De uitvinding heeft tevens betrekking op een brug, voor het met elkaar verbinden van twee door een waterweg gescheiden landdelen, de brug omvattende - een systeem volgens elke willekeurige van de voorgaande conclusies, waarbij de ten minste ene langwerpige eenheid van het systeem een veelheid van opeenvolgend onderling verbonden eenheden omvat, zodanig dat een totale lengte van de veelheid van eenheden de waterweg in hoofdzaak overbrugt, - een eerste landverbindingselement dat een eerste uiteinde van het systeem met een eerste landdeel verbindt, - een tweede landverbindingselement dat een tweede, tegenover het eerste uiteinde gelegen tweede uiteinde van het systeem met een tweede landdeel verbindt, en - een rijdek dat zich over de veelheid van eenheden en het eerste en tweede landverbindingselement uitstrekt.

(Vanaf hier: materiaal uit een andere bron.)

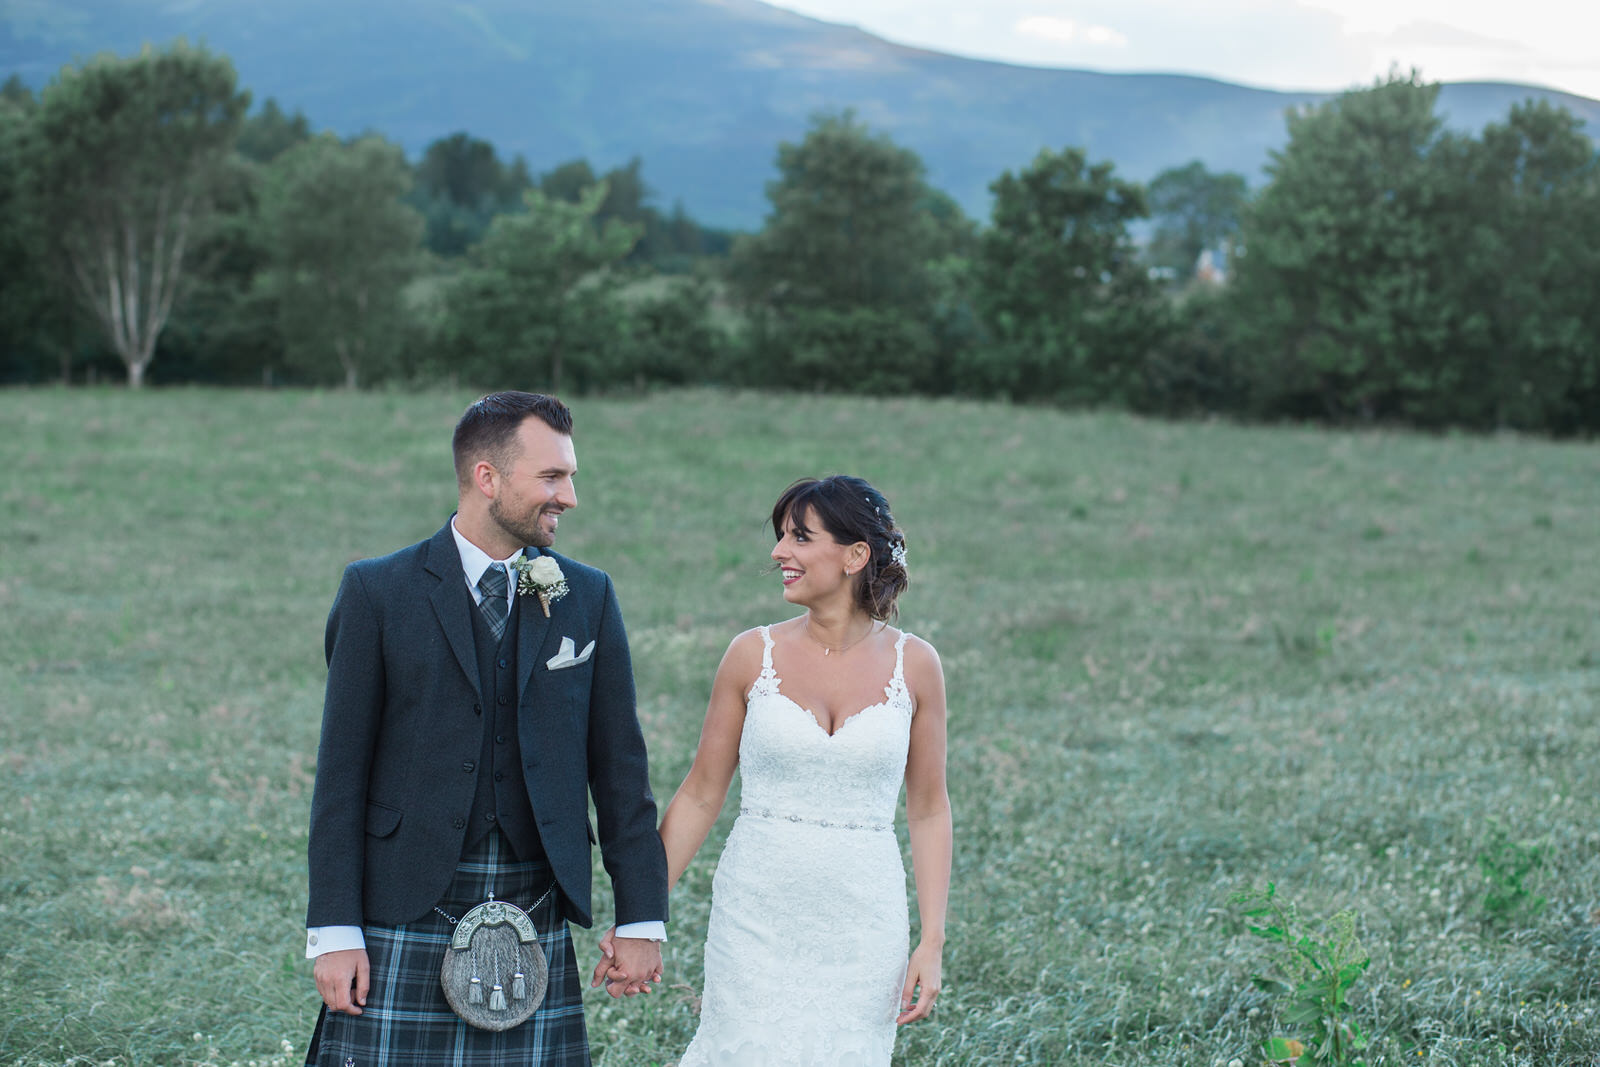 Glasgow wedding photographer, Edinburgh wedding photographer, aberdeen wedding photography, aberdeen wedding photographer, outdoor wedding Scotland, Scottish outdoor wedding, Vivienne Elizabeth photography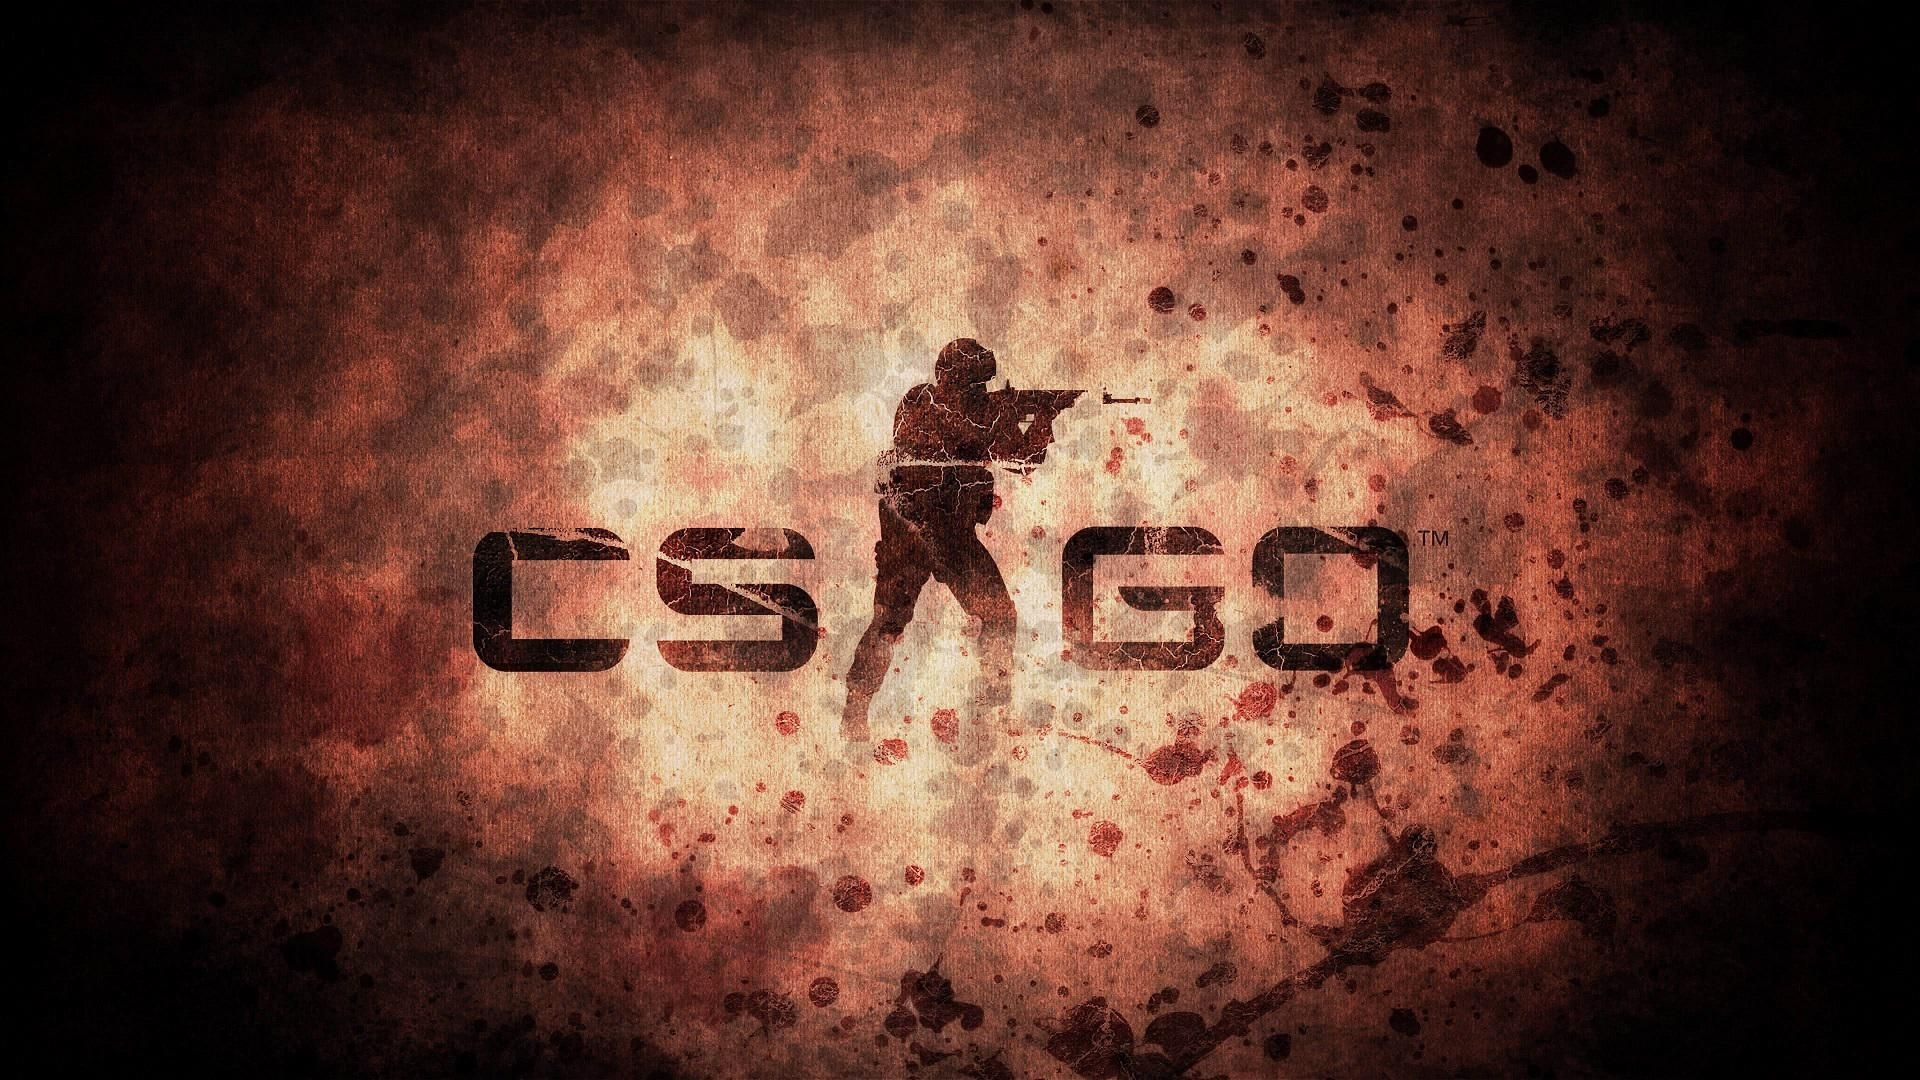 Csgo best background

Het is bovendien gunstig indien de brug een gedeelte omvat dat tussen twee eenheden van de veelheid van eenheden is voorzien en dat zodanig kan worden geopend dat een doorgang voor vaartuigen kan worden gerealiseerd.
De onderhavige uitvinding zal navolgend worden toegelicht aan de hand van de beschrijving van voorkeursuitvoeringsvormen van systemen volgens de uitvinding, onder verwijzing naar de navolgende figuren, waarin:
Figuur 1a in vooraanzicht een eenheid van een voorkeursuitvoeringsvorm van een systeem volgens de onderhavige uitvinding toont;
Figuur 1b de eenheid volgens figuur 1a in bovenaanzicht in een andere bedrijfstoestand toont;
Figuur 2 een deel van de eenheid volgens figuur 1a in driedimensionale weergave toont;
Figuur 3a in driedimensionale weergave de eenheid volgens figuur 1a in bedrijf toont;
Figuur 3b in driedimensionale weergave een voorkeursuitvoeringsvorm van een bevestigingsconstructie voor een eenheid volgens de uitvinding toont;
Figuur 4 in schematisch zijaanzicht de eenheid volgens figuur 1a toont;
Figuur 5a een alternatieve voorkeursuitvoeringsvorm van een eenheid, of althans van onderdelen daarvan, van een uitvoeringsvorm van een systeem volgens de onderhavige uitvinding toont;
Figuur 5b de eenheid volgens figuur 5a in driedimensionale weergave in bedrijf toont;
Figuur 5c in schematisch zijaanzicht de eenheid volgens figuur 5a toont;
Figuur 6 in bovenaanzicht een voorkeursuitvoeringsvorm van een systeem volgens de onderhavige uitvinding omvattende een veelheid van eenheden volgens figuur 1a toont;
Figuur 7 een verdere voorkeursuitvoeringsvorm van een systeem volgens de onderhavige uitvinding toont;
Figuur 8 in driedimensionale weergave een weer verdere voorkeursuitvoeringsvorm van een systeem volgens de uitvinding toont, omvattende eenheden volgens figuur 1a;
Figuur 9a en 9b respectievelijk in boven- en vooraanzicht het systeem volgens figuur 8 tonen; en
Figuur 9c een deel van het systeem volgens figuur 9a in een andere bedrijfstoestand toont.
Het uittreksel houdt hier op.